---- Exercise data

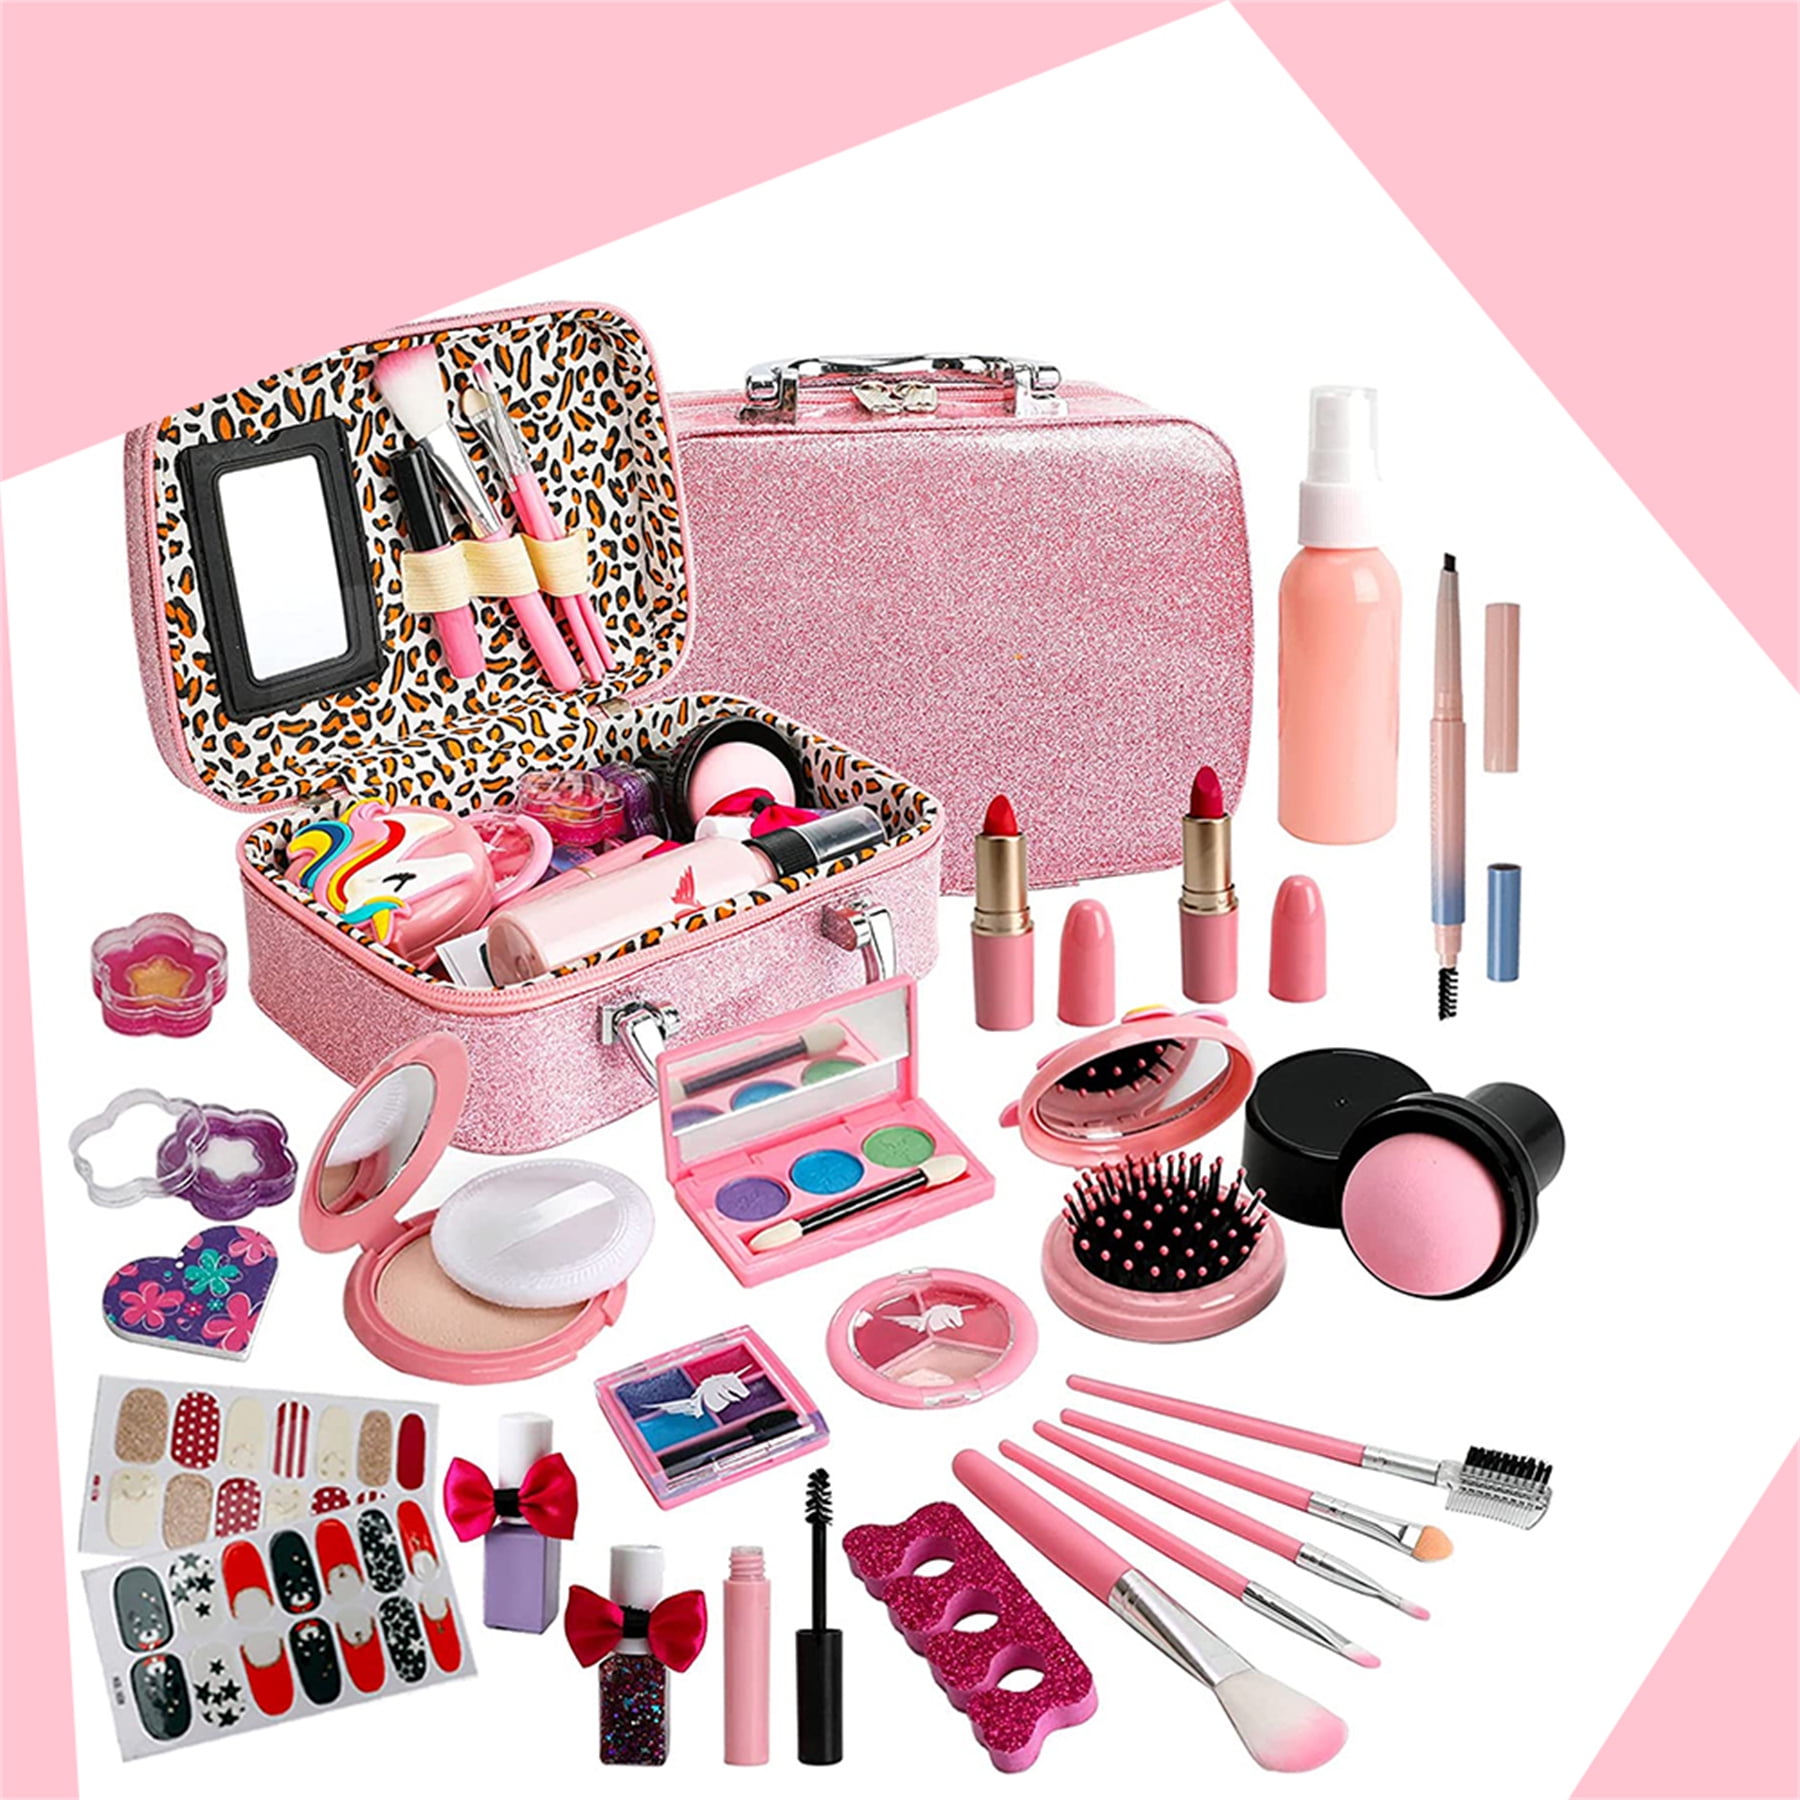  Beayuck Kids Makeup Kit for Girl-Washable Makeup for
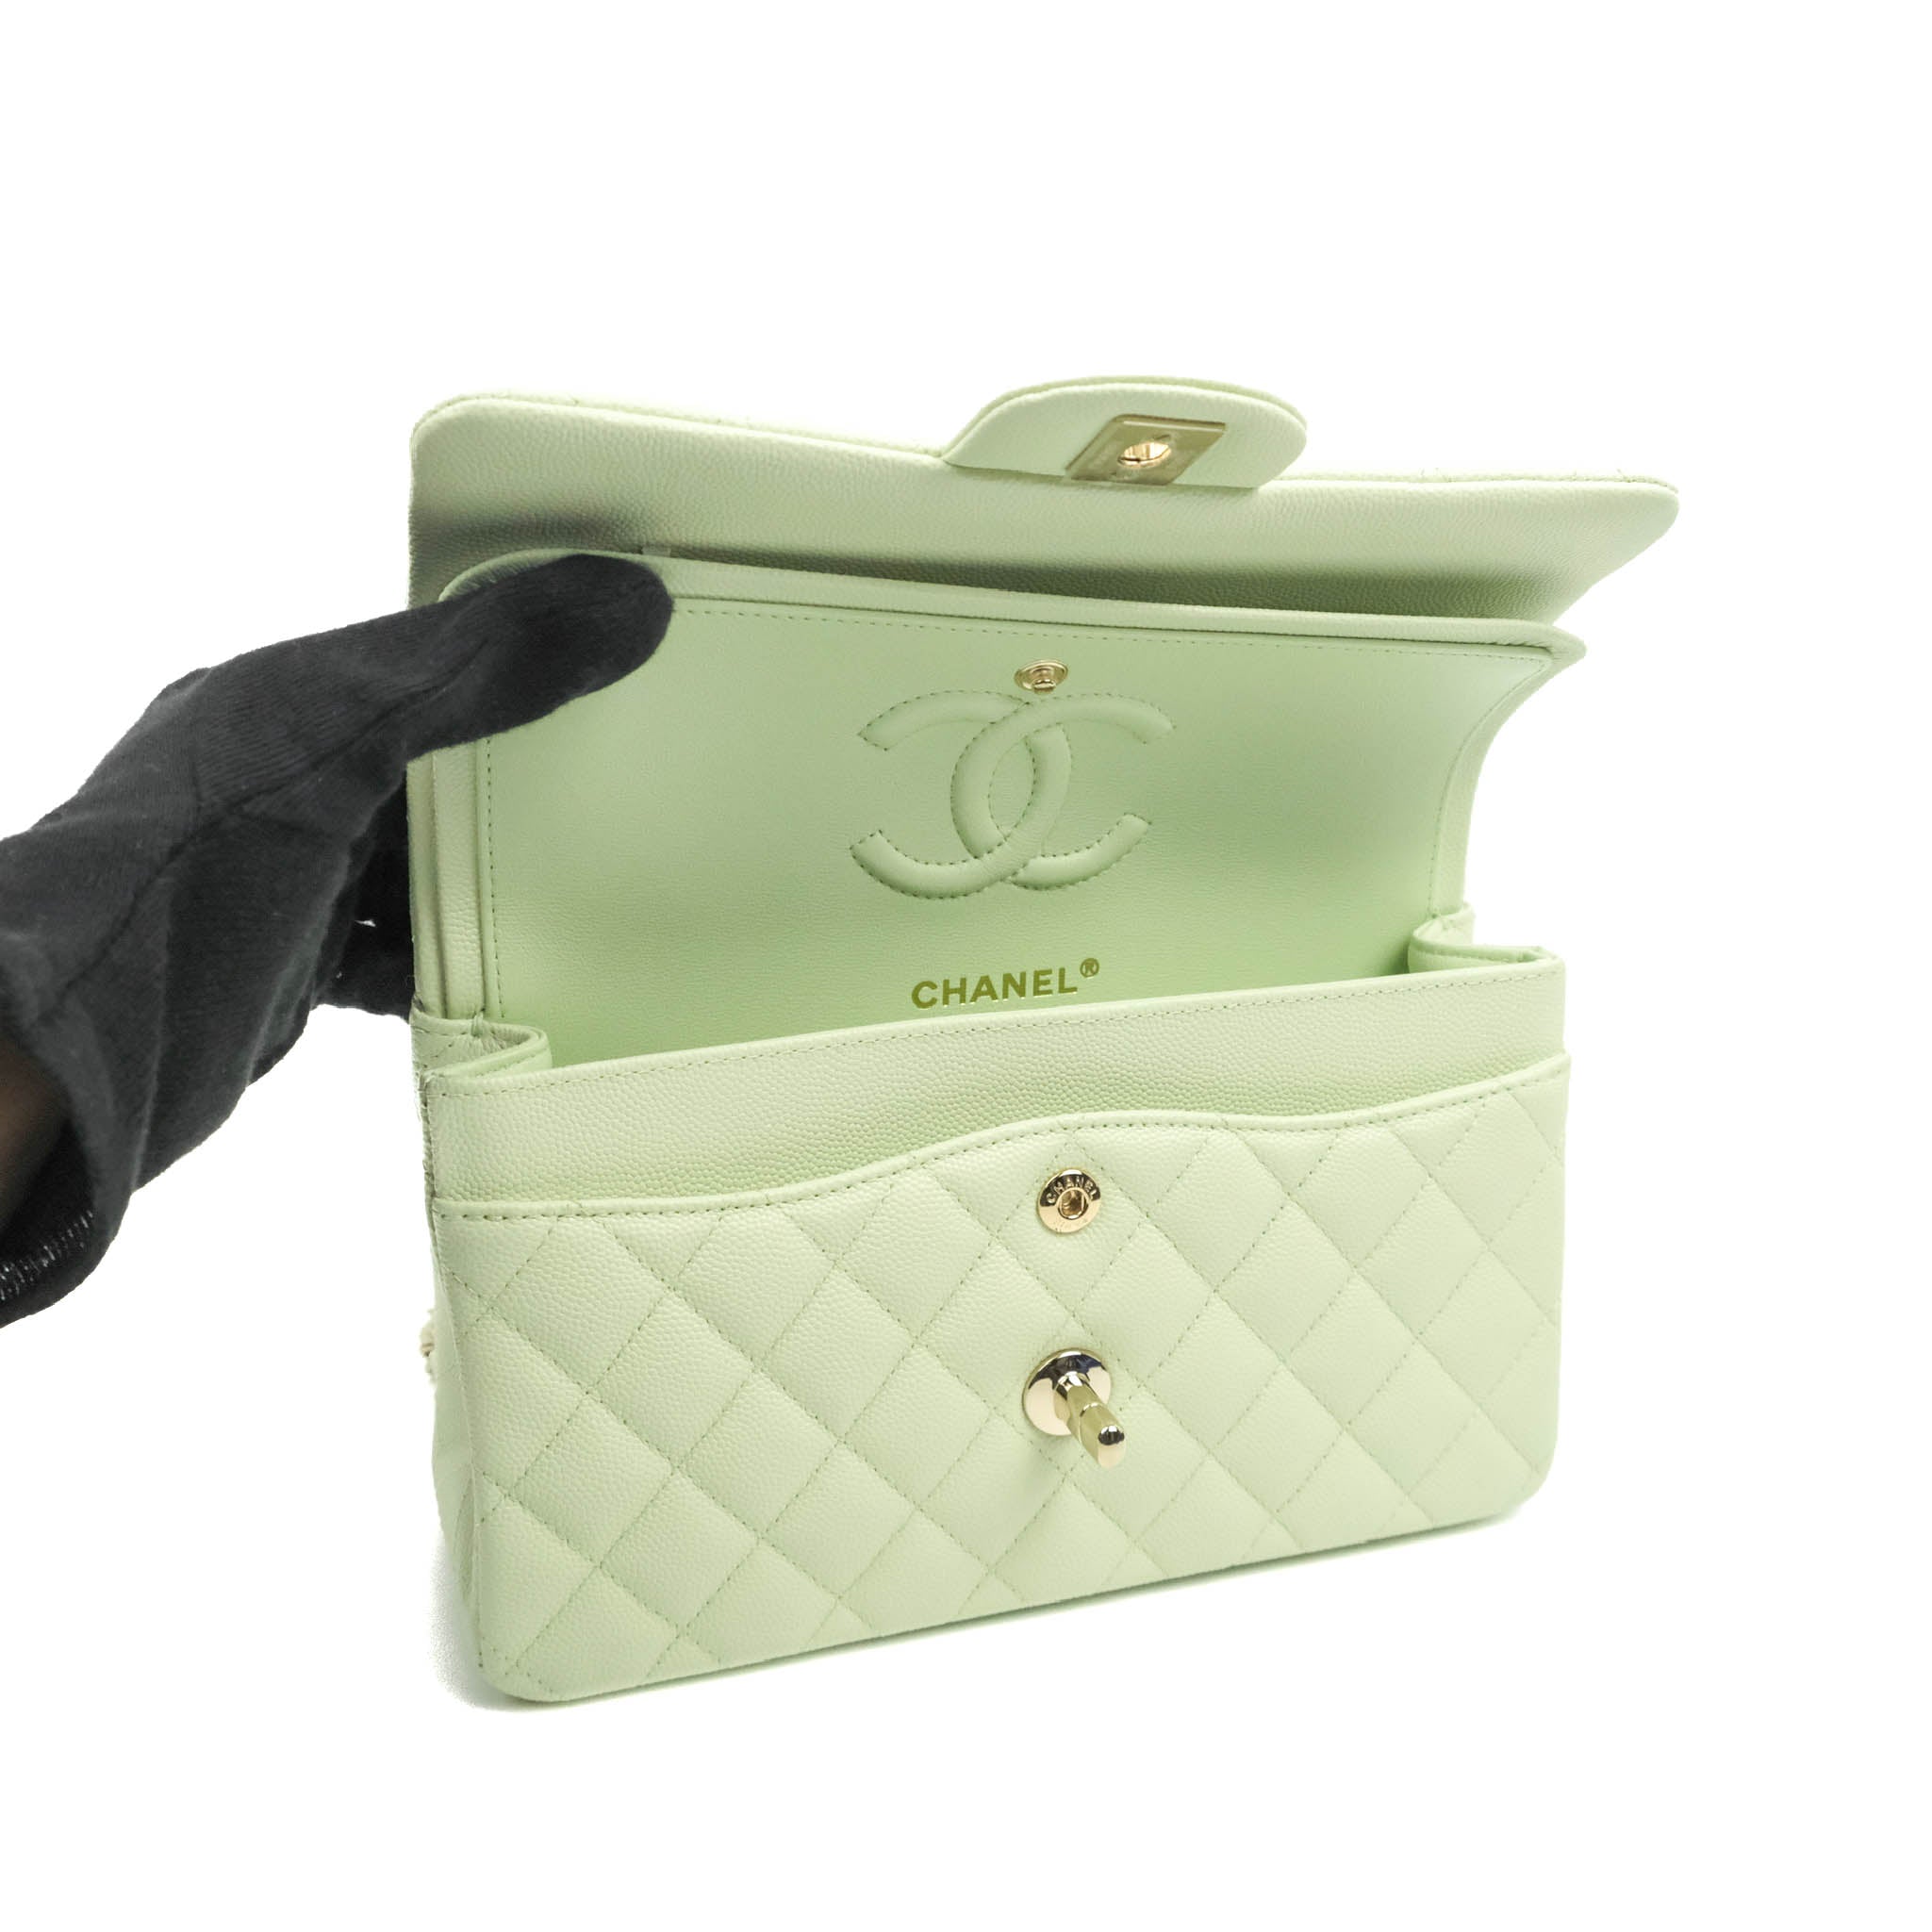 CHANEL 21C Mint Green Mini Rectangular Flap Bag Lt Gold Hw
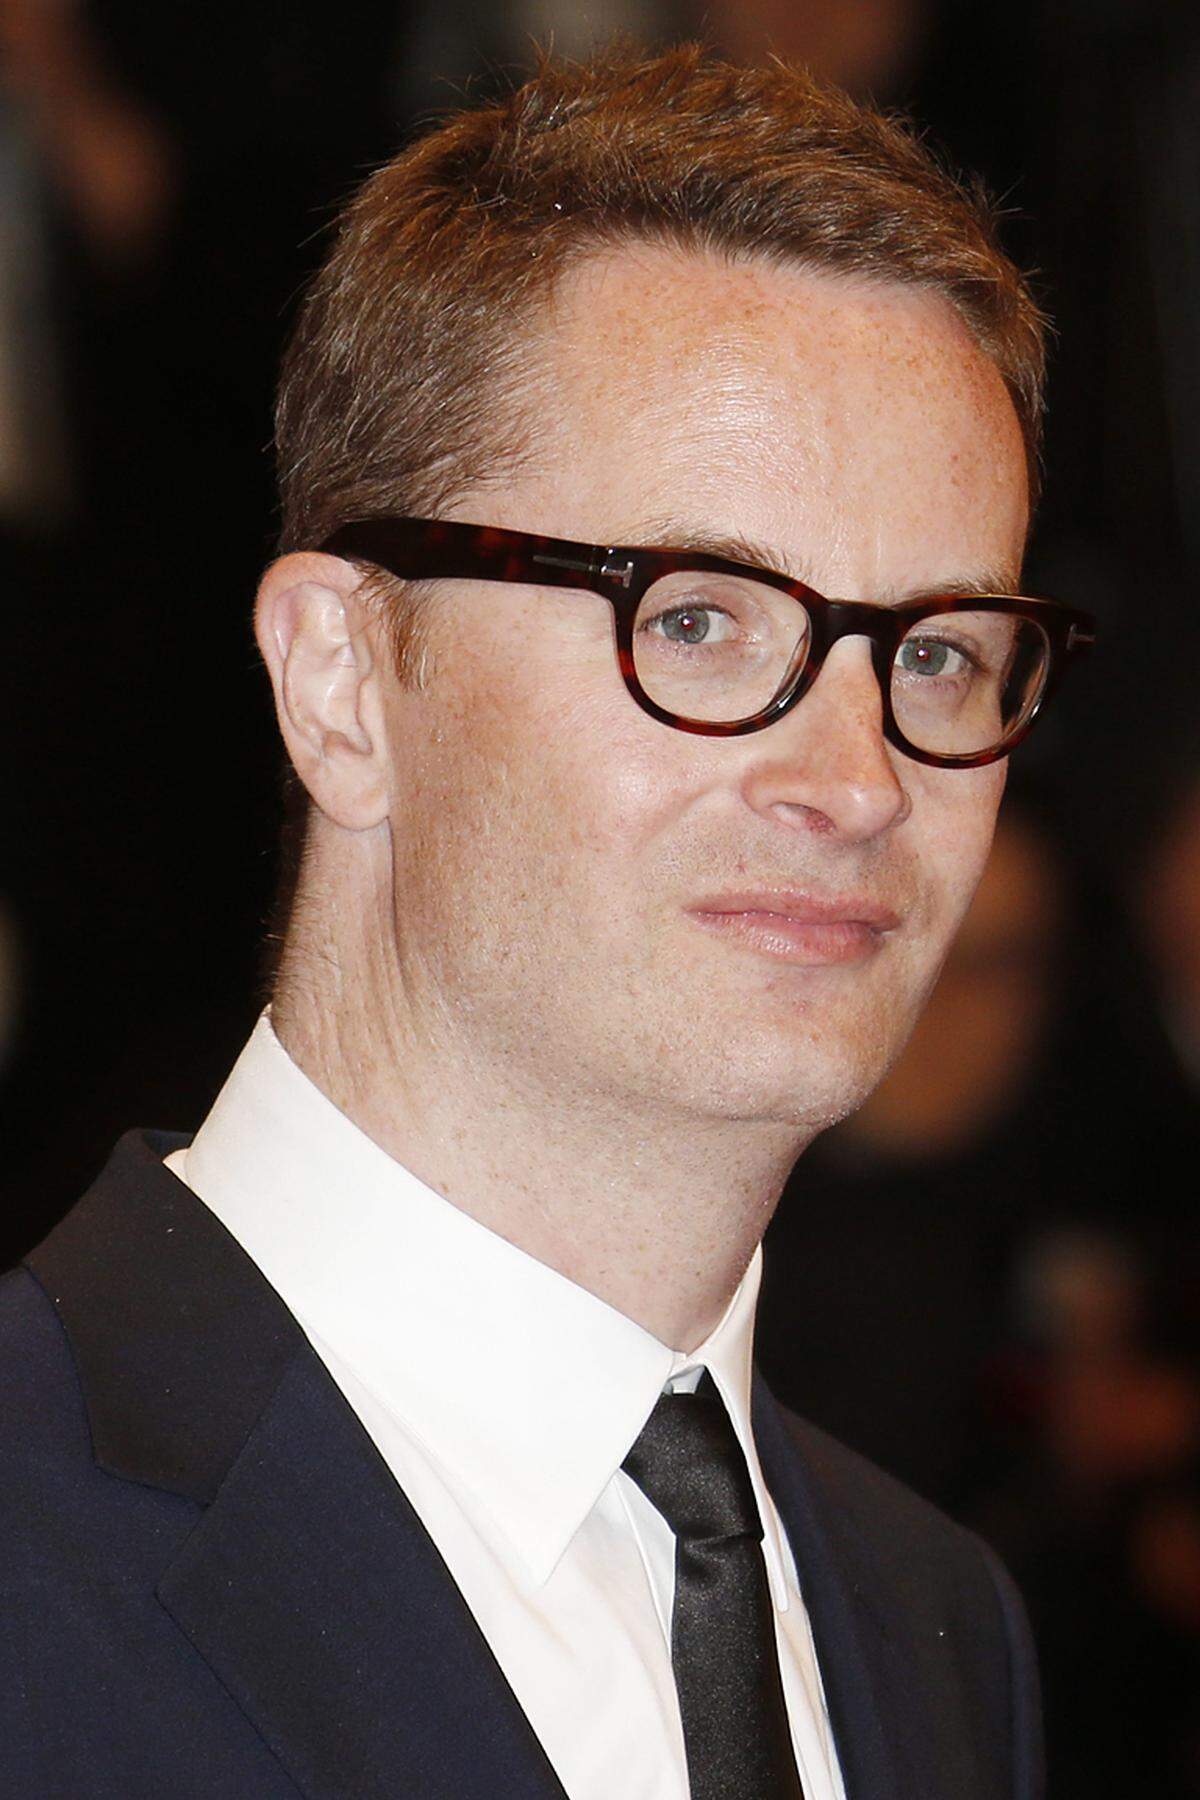 Der dänische Filmemacher präsentierte in Cannes seinen neuen Film "Only God Forgives". Beau und Hauptdarsteller Ryan Gosling, bereits in "Drive" Refns Protagonist, ließ das Filmfestival hingegen aus.

--------

### What this task involves
Leave the images out. Set down all of the material above exactly.

### Task response
  Beayuck Kids Makeup Kit for Girl-Washable Makeup for
 CHANEL 21C Mint Green Mini Rectangular Flap Bag Lt Gold Hw
 Der dänische Filmemacher präsentierte in Cannes seinen neuen Film "Only God Forgives". Beau und Hauptdarsteller Ryan Gosling, bereits in "Drive" Refns Protagonist, ließ das Filmfestival hingegen aus.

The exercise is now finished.